Going into marriage is a bit like walking into Dodger Stadium already knowing which side you’re cheering for—and it is absolutely not the Giants. There’s a sense of imagined absolutism there, though slightly less philosophical and more “please don’t let me regret this forever.”

Marriage works like that in theory: you pick a side, you commit, you wear the jersey. In practice, it’s more like discovering halfway through the game that your seat is next to someone who loudly explains baseball rules you thought were universally understood.

Even with the best premarital counseling and long nights of “deep conversations,” you don’t really find out what you signed up for until the paperwork is done and the rings are firmly pressed on each other’s fingers like tiny golden receipts.

One person marries for the power-couple image—Beyoncé and Jay-Z energy, coordinated excellence, curated Instagram lighting.

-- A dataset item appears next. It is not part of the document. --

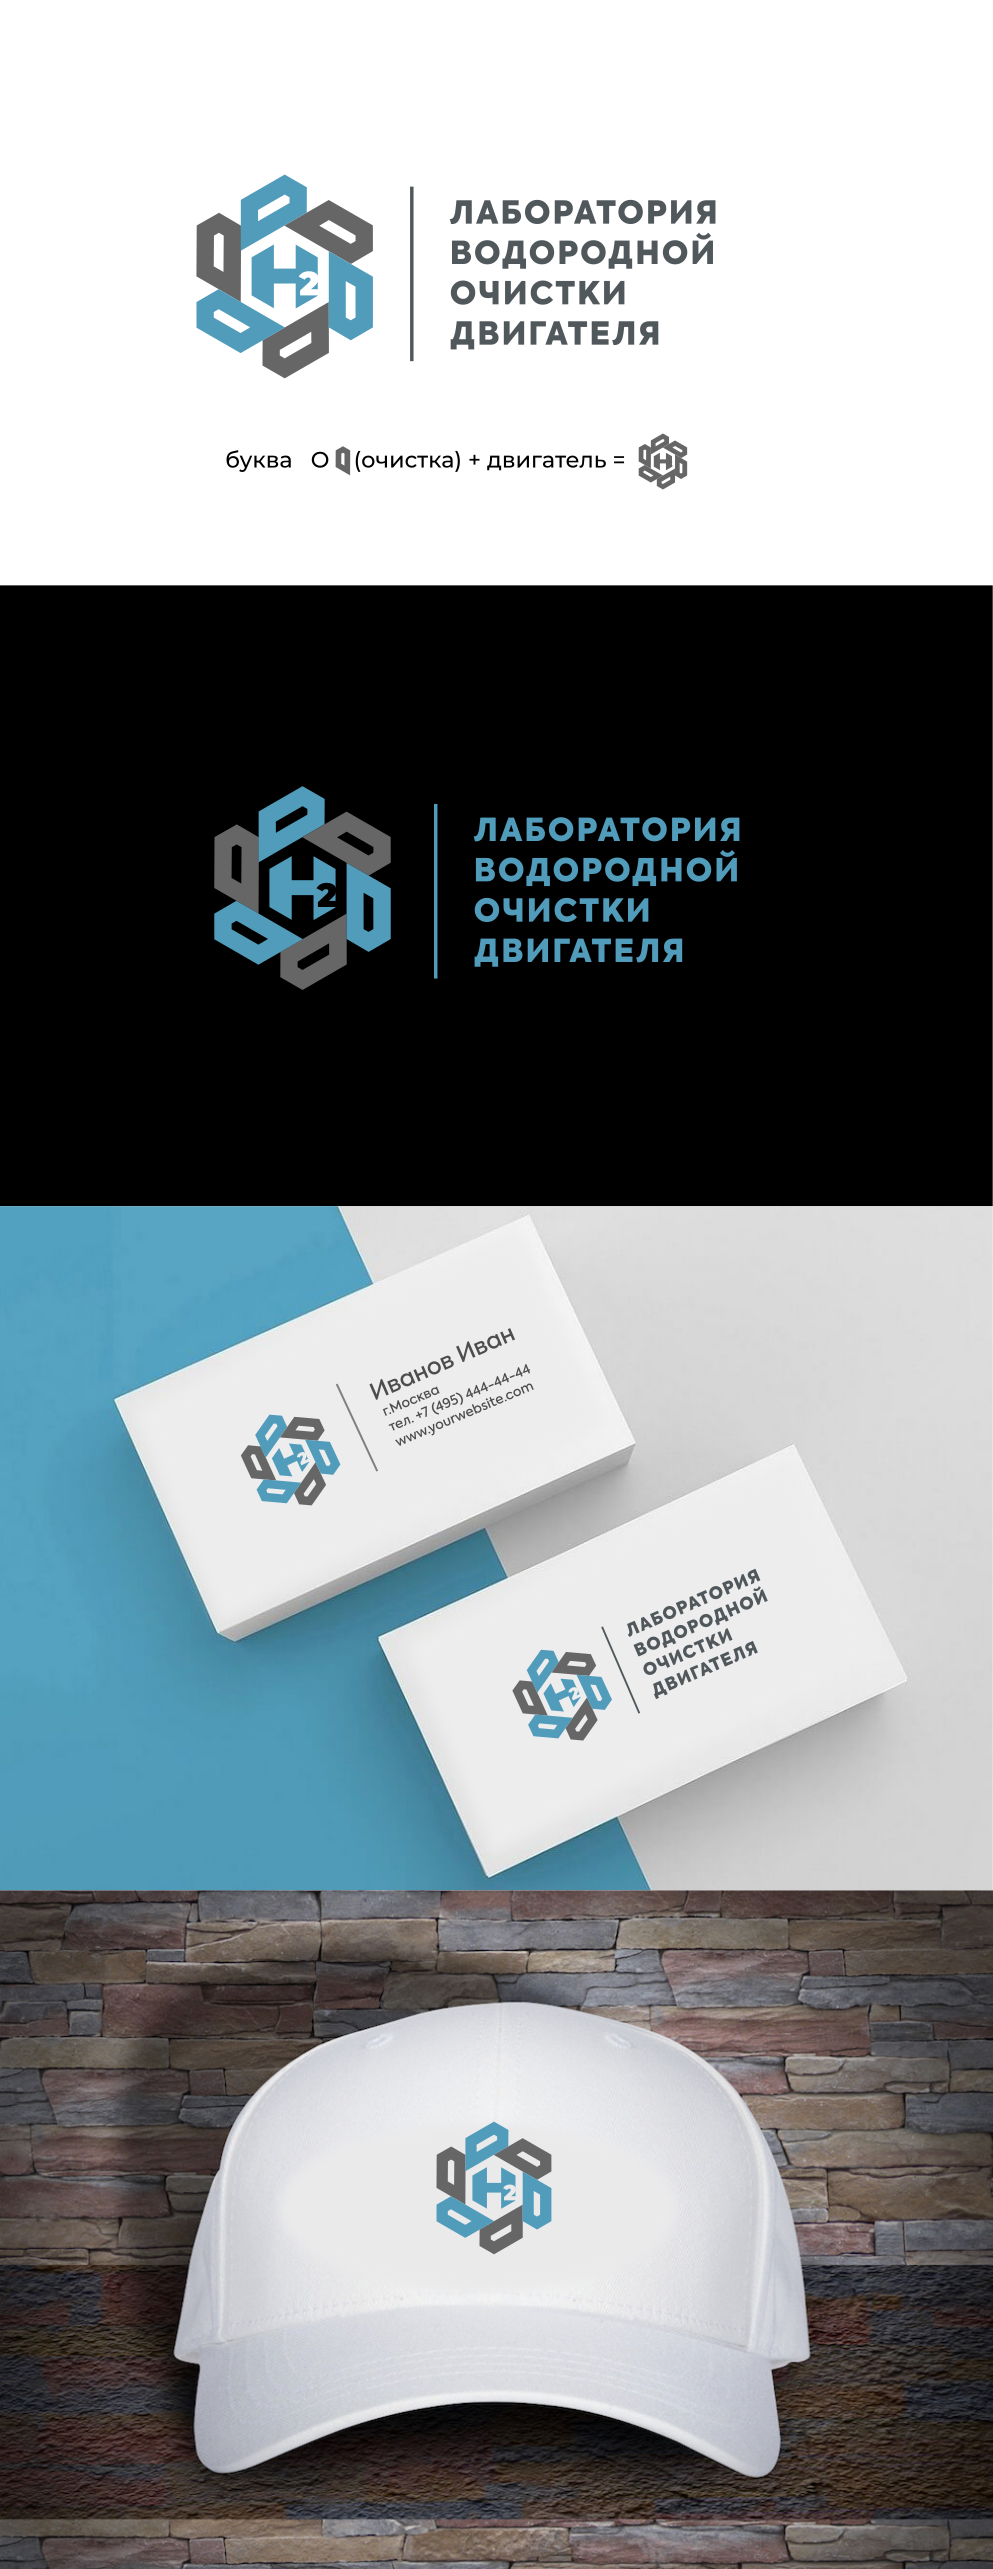 """Разработка фирменного стиля для """"Лаборатории водородной очис фото f_4165dda681d057ef.png"""

The other marries for cozy philosophical evenings—Descartes with blankets, candles, and emotionally available discourse.

“Equally yoked,” as I once heard in church many moons ago (when I still went—no judgment, just observation), sounds beautiful in theory. In practice, it’s mostly a hopeful slogan printed on greeting cards and occasionally used to justify extremely confident decision-making.

Because here’s the truth: he doesn’t know all of me. I don’t know all of him. And at some point you’re both just sitting there thinking, maybe silently, maybe loudly, what in the ever-loving hell did I just do?

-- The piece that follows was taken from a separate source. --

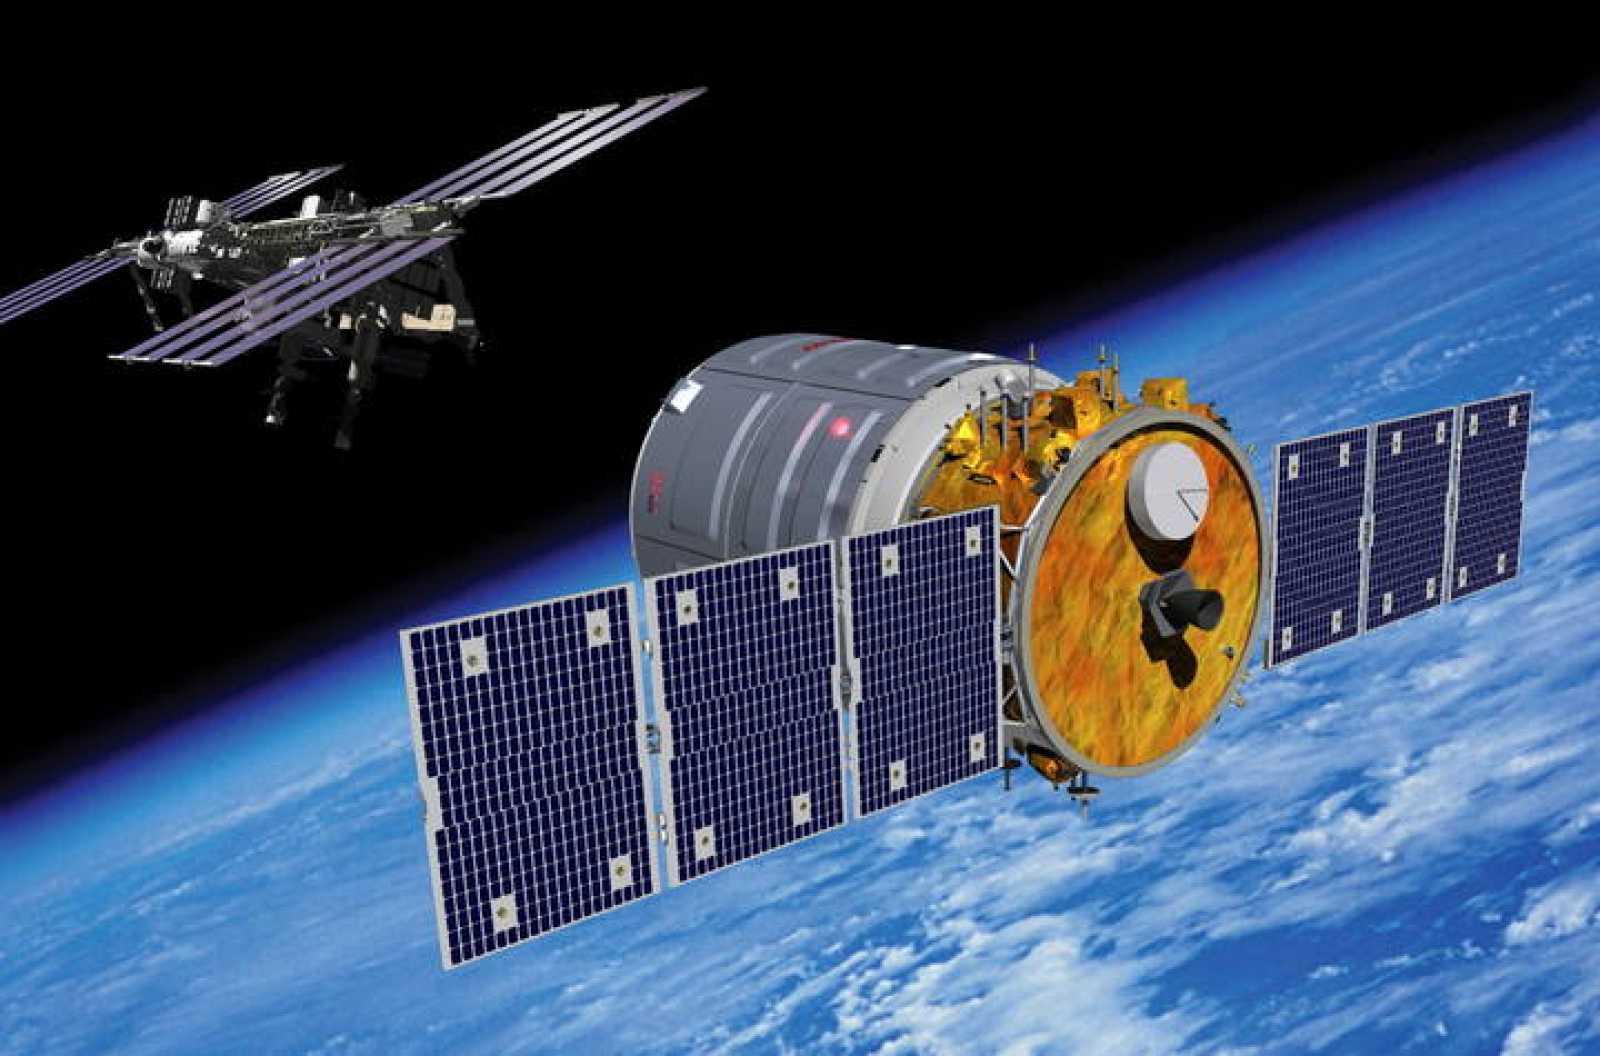 Impresión artística de la Cygnus aproximándose a la Estación Espacial Internacional

But then something interesting happens.

When two people learn to actually appreciate their differences—without turning the relationship into a renovation project led by a motivational speaker or a preacher trying to make sure nobody looks behind the curtain—marriage starts to work.

Not because it becomes perfect.

But because it stops pretending to be.

Is it undying love? Yes. But not the cinematic, algorithm-friendly version.

It ebbs and flows like everything else in life. One day you’re deeply in love. The next day you’re reorganizing your entire understanding of commitment while quietly googling “is it illegal to move to another state without telling anyone.”

It’s just marriage—flaws and all, ups and downs.

And somehow, love is still there, whether you’re actively feeling it or just choosing not to file for emotional bankruptcy that afternoon.